Das neue Siegel soll auch ein neues Logo bekommen, über dem momentan im Agrarministerium die Experten brüten. Klar ist, dass das Ökologische Prüfzeichen (ÖPZ), das bisher von Agöl und der Vermarktungsagentur CMA beworben wird, ersetzt werden muss. „Ein totaler Flop“, urteilen sowohl die Ökoland-Verbände wie auch die Berater von Künast über das ÖPZ, das sich nicht durchsetzen konnte.
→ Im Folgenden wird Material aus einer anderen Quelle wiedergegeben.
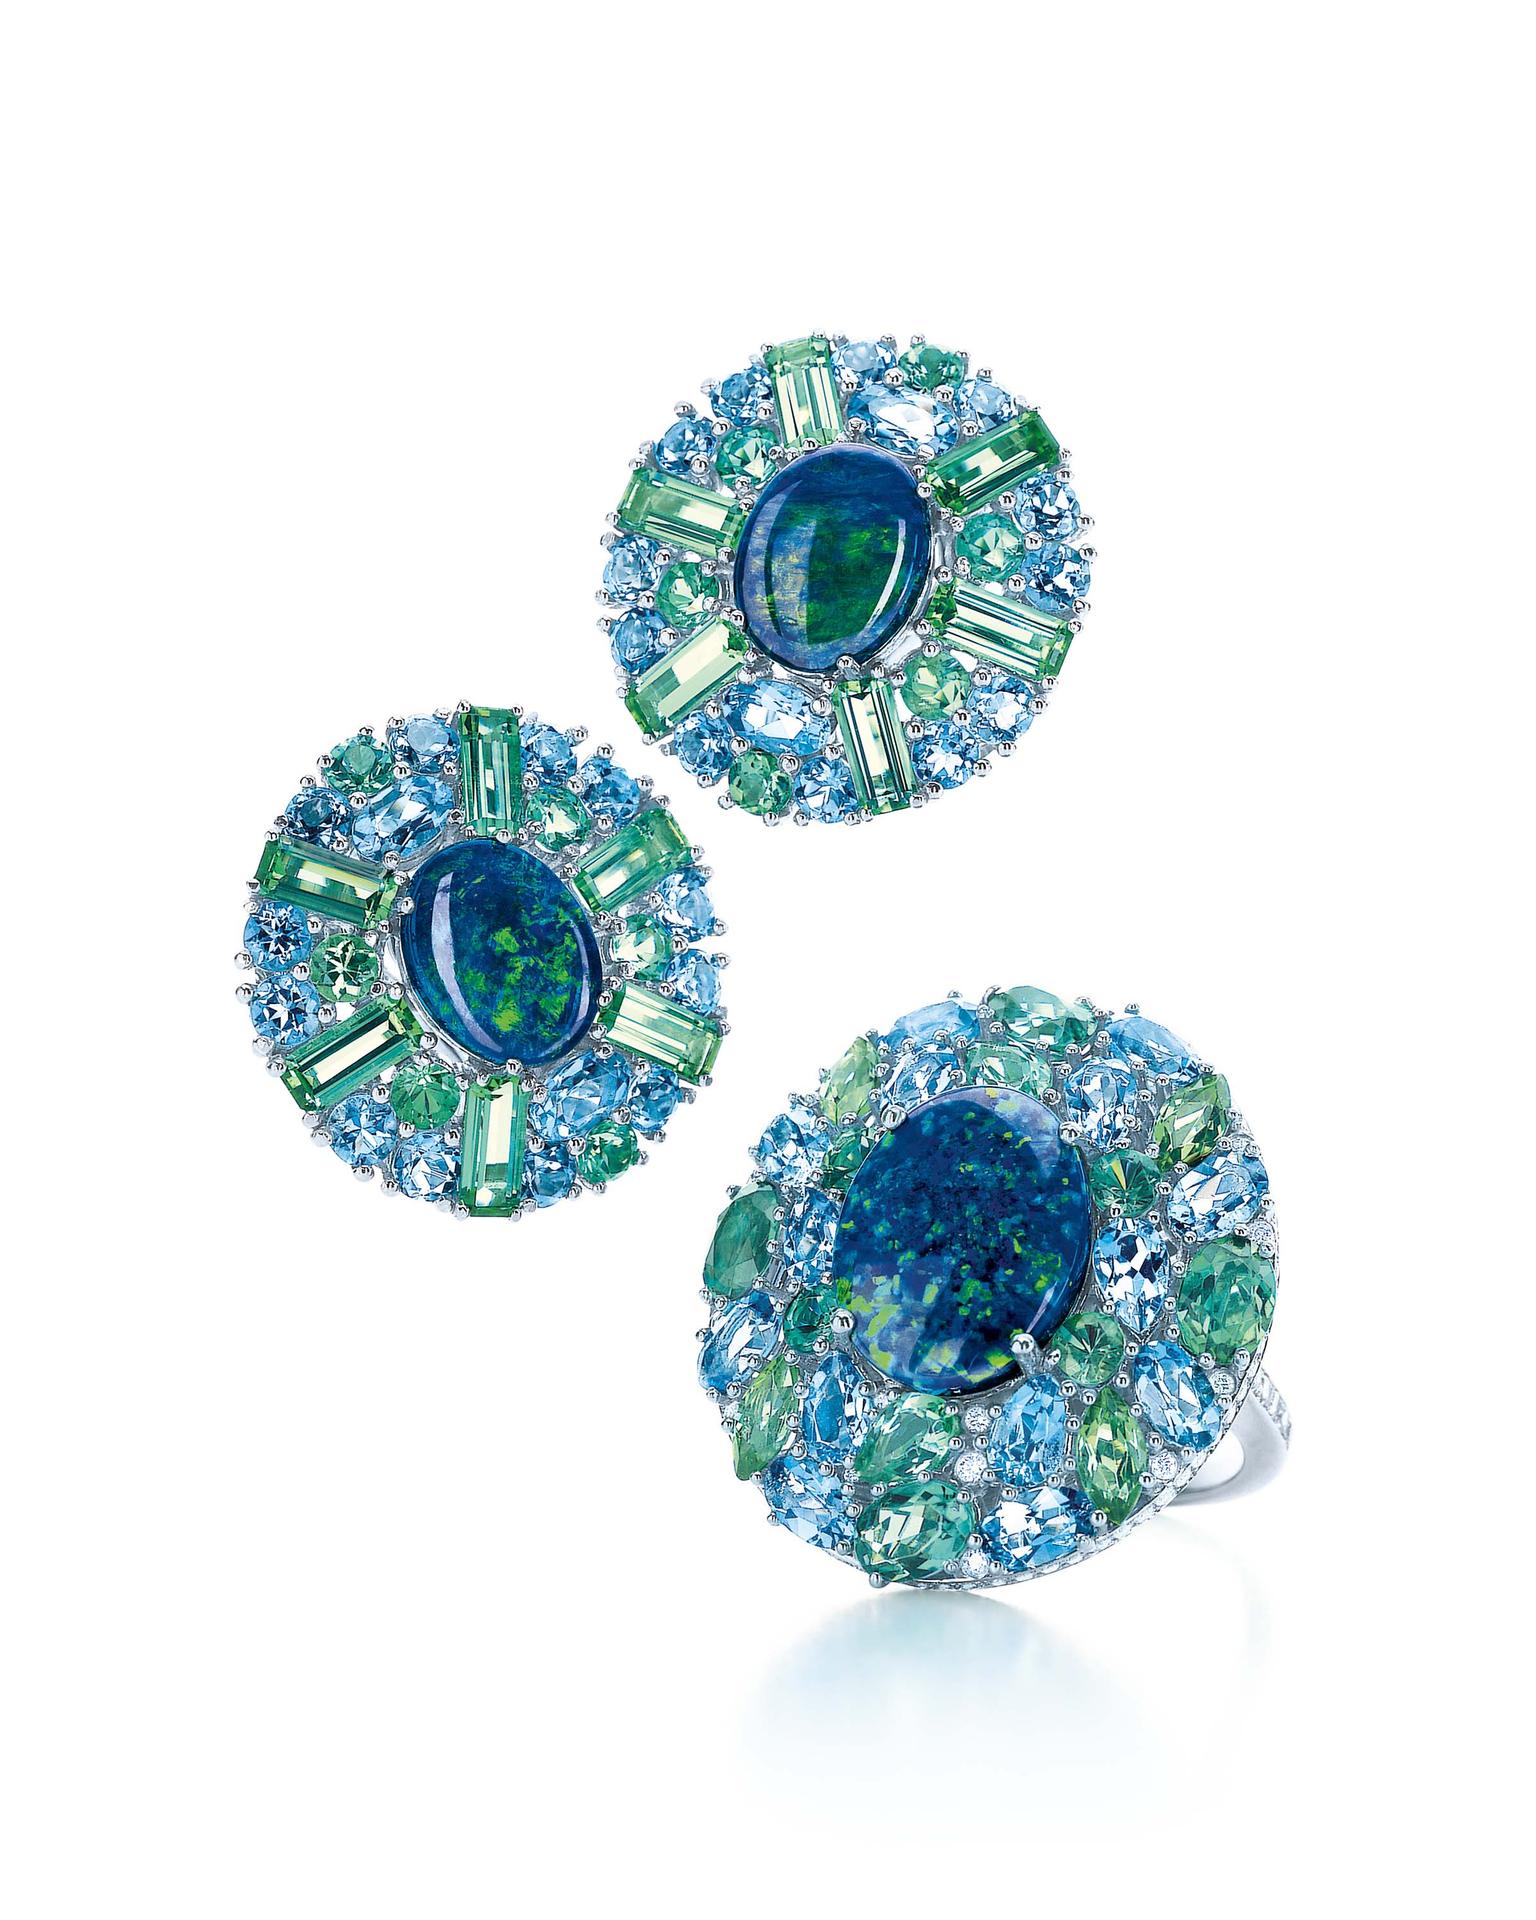 Tiffany & Co. Blue Book Collection black opal, tourmaline and aquamarine earrings and ring set in platinum (£POA)

Wie das neue staatliche Prüfzeichen vergeben und kontrolliert wird, ist noch nicht klar. „Wir wollen das ÖPZ dabei nutzen“, sagte Künast. Auch wenn Experten daran zweifeln, dass die ÖPZ GmbH das neue Siegel schlagkräftig umsetzen kann, muss sie doch mit ins Boot. „Wir brauchen deren Geld“, heißt es intern. Das neue einheitliche Logo soll im Juni vorgestellt werden. Ab Herbst werde das Einheitslogo dann auf den Verpackungen erscheinen, hofft Künast. „Noch nie hat es eine so breite Unterstützung für ein einheitliches Siegel gegeben“, meinte sie.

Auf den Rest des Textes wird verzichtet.